BEGIN DATASET EXCERPT
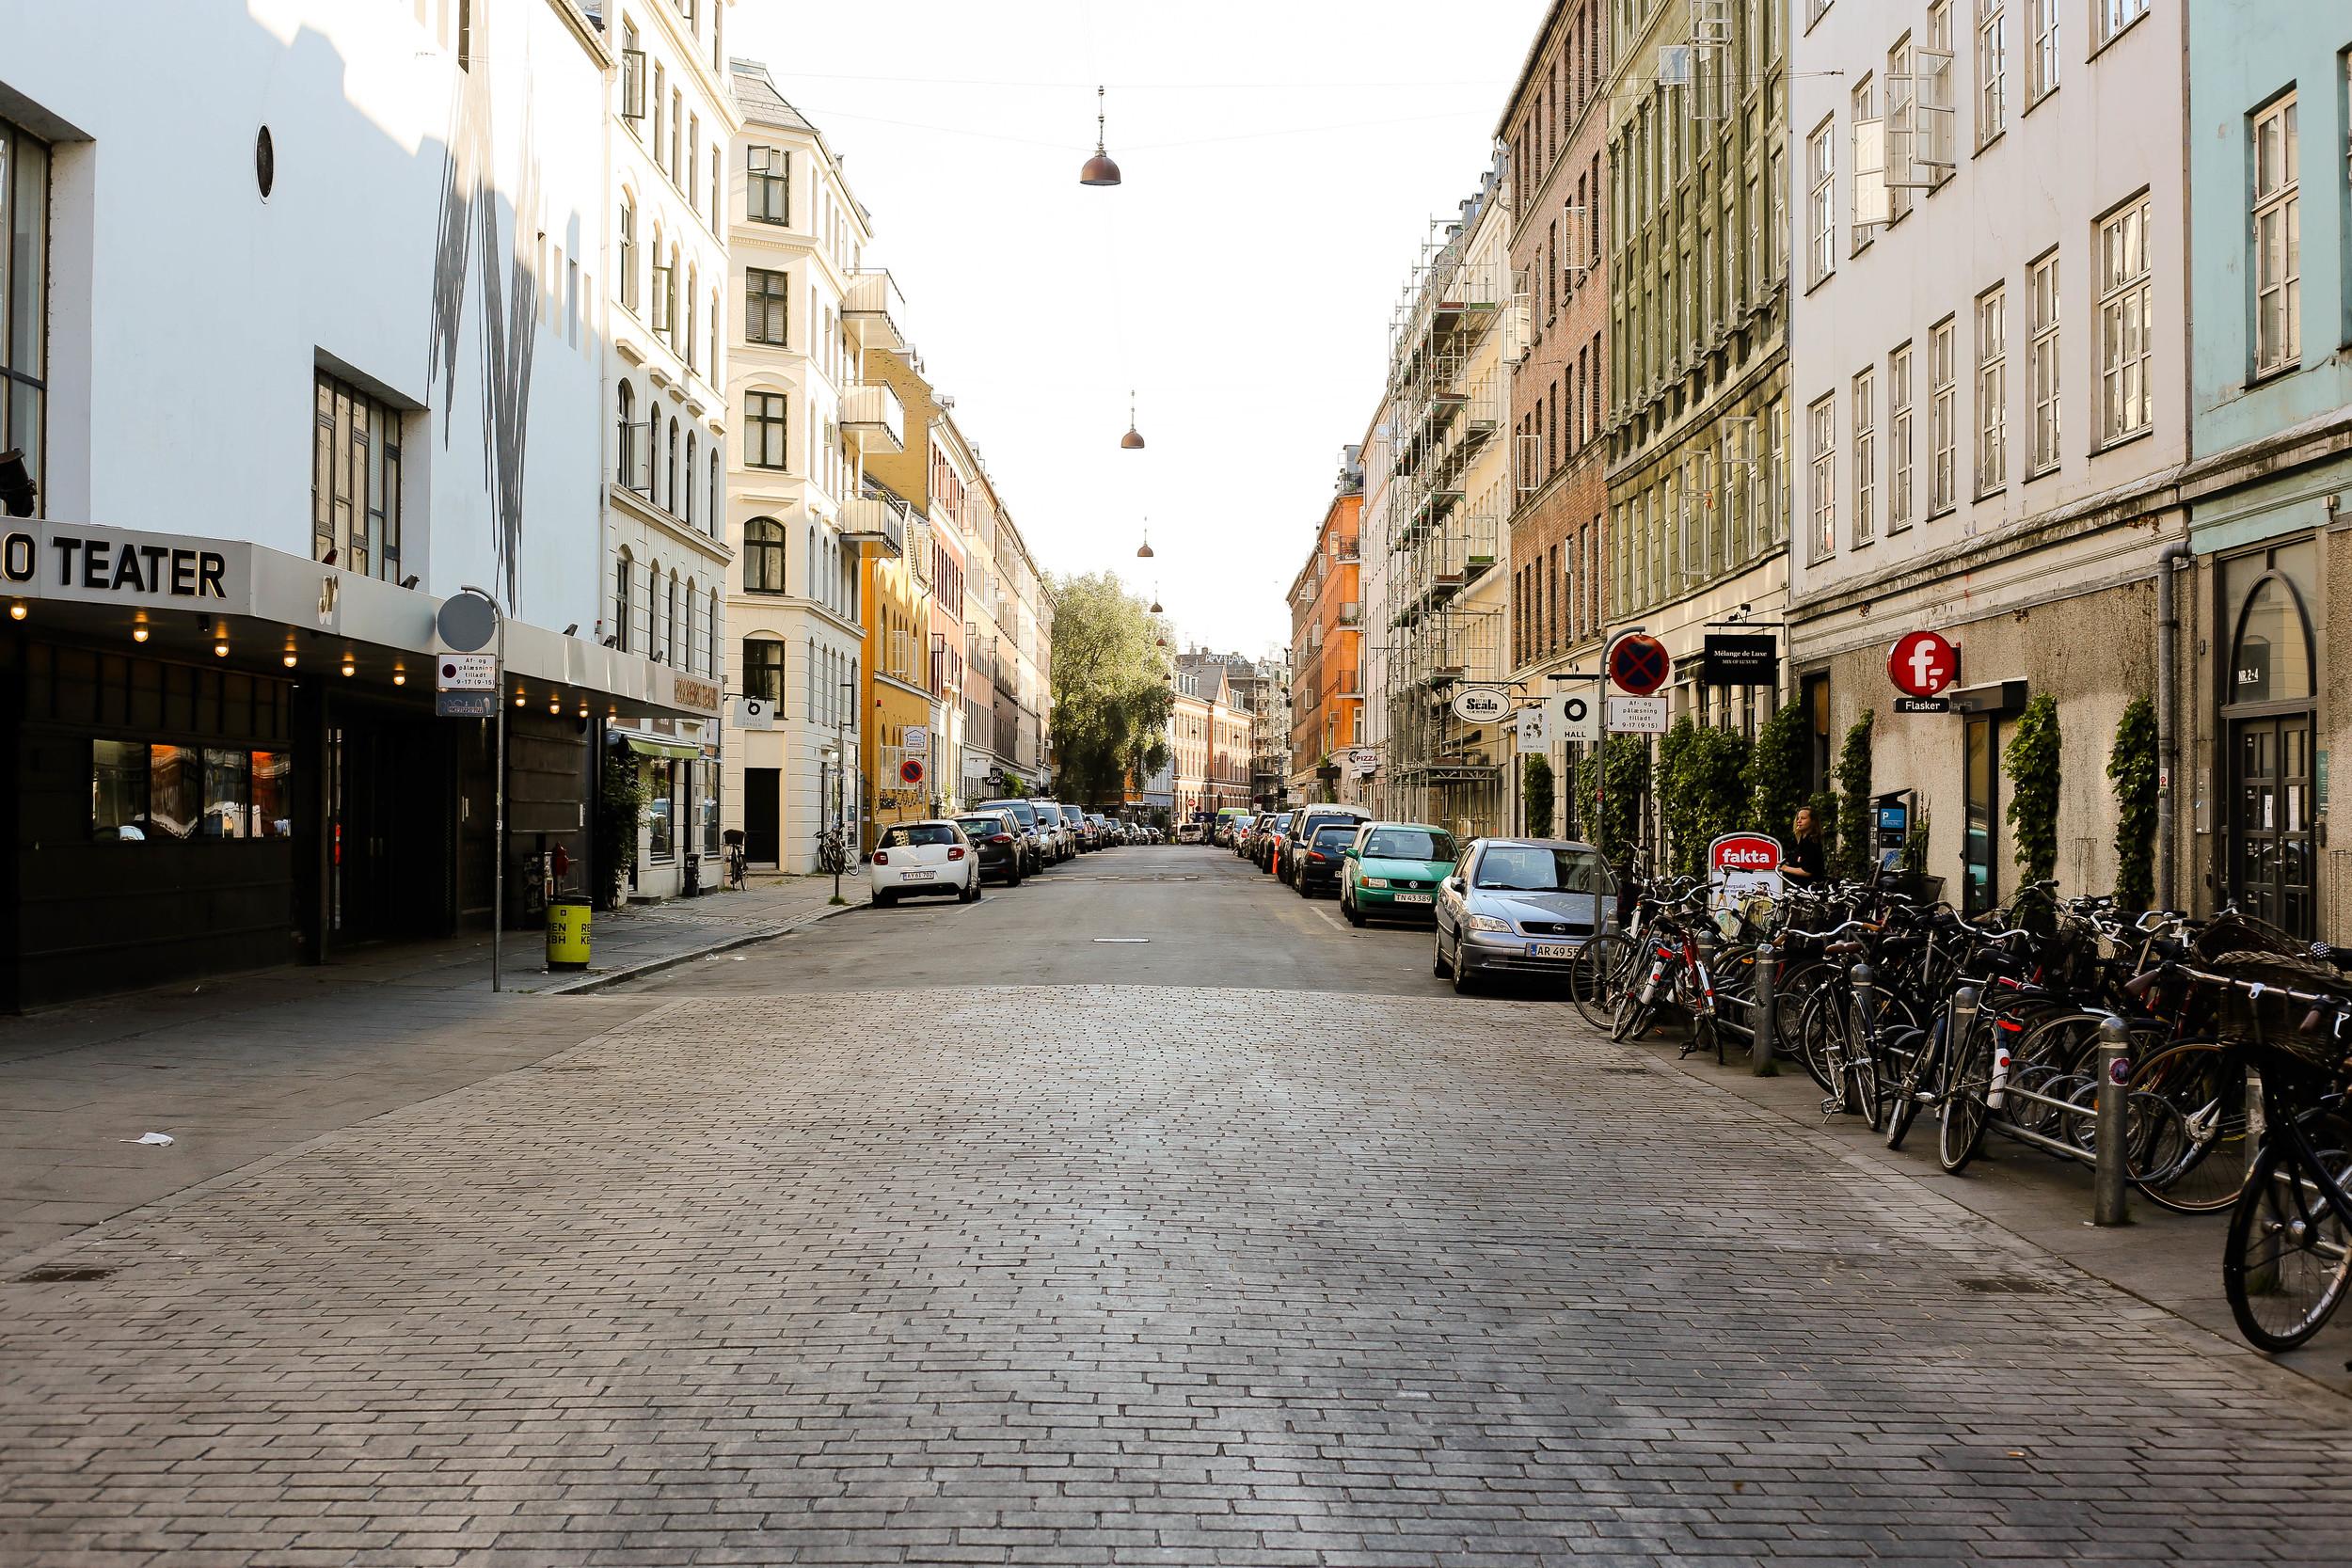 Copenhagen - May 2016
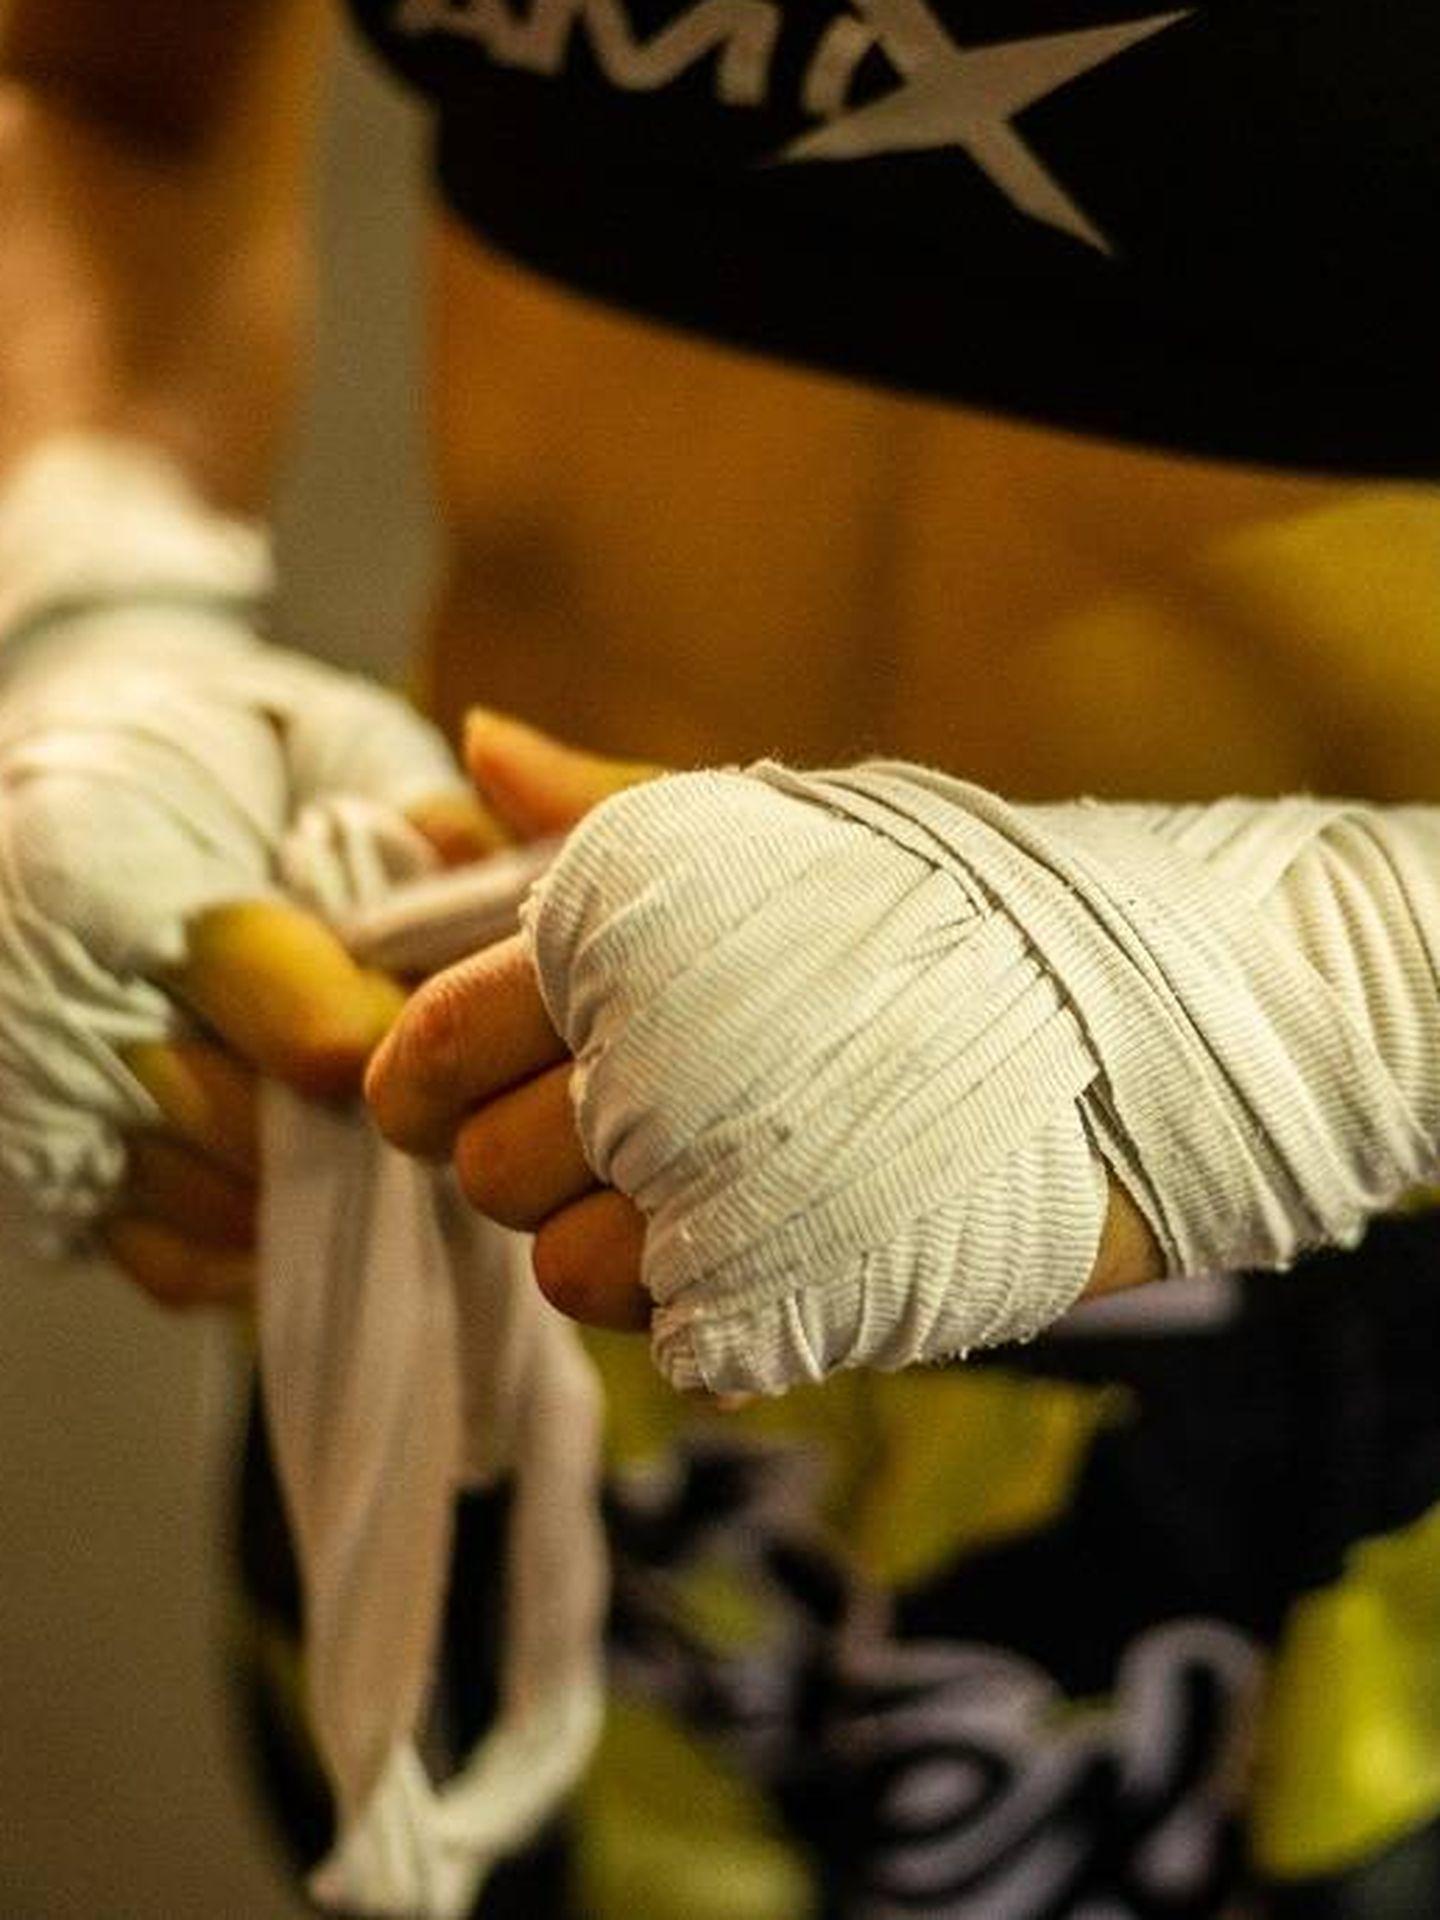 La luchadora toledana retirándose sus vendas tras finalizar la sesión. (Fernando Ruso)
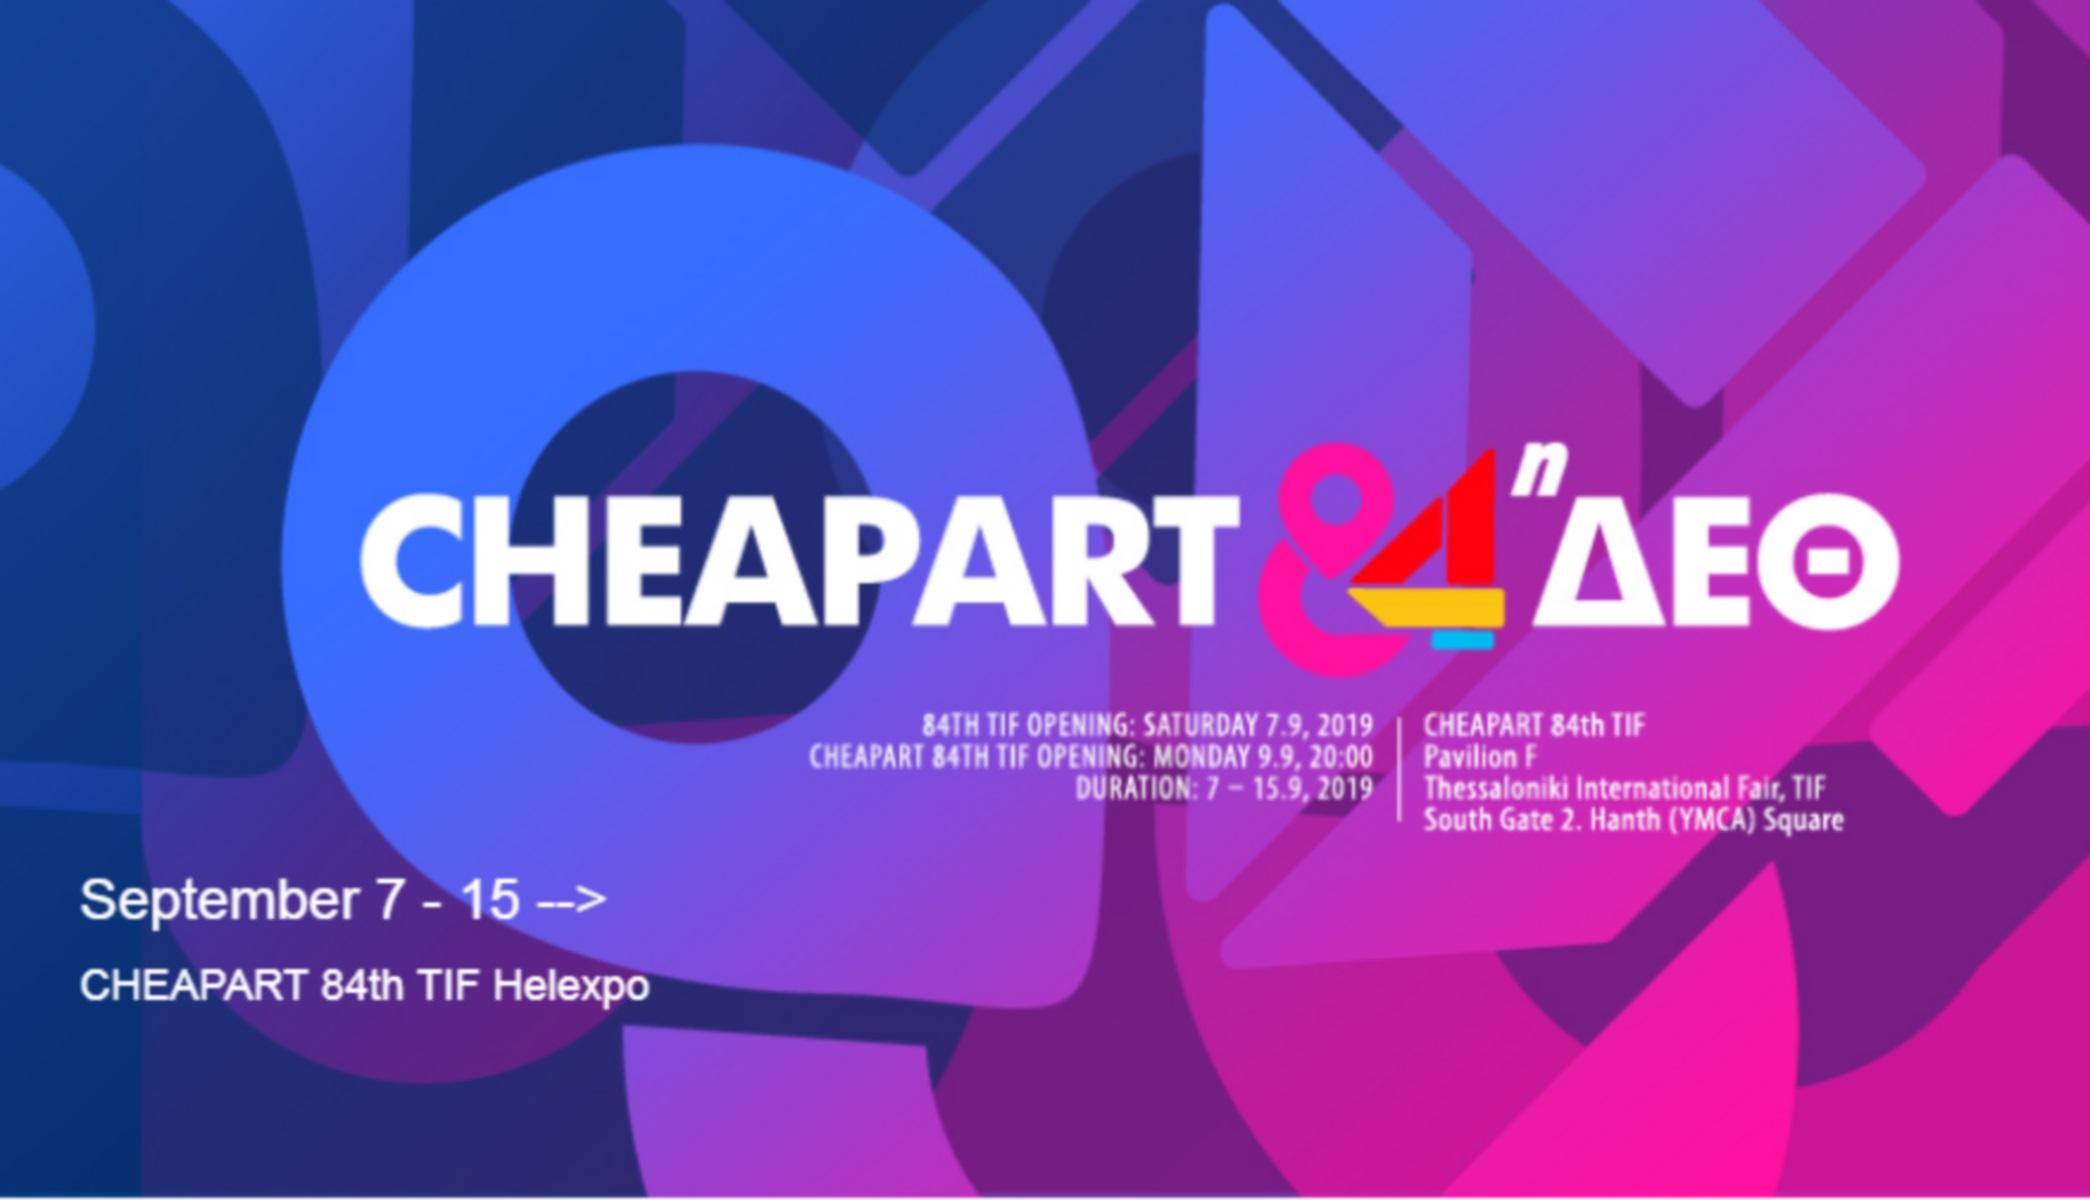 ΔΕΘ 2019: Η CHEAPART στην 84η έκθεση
END DATASET EXCERPT
* **EXERCISE**:
Only the lines from the one containing "La luchadora toledana" through the final line of the data should be given again, exactly and without pictures.

* **SOLUTION**:
 La luchadora toledana retirándose sus vendas tras finalizar la sesión. (Fernando Ruso)
 ΔΕΘ 2019: Η CHEAPART στην 84η έκθεση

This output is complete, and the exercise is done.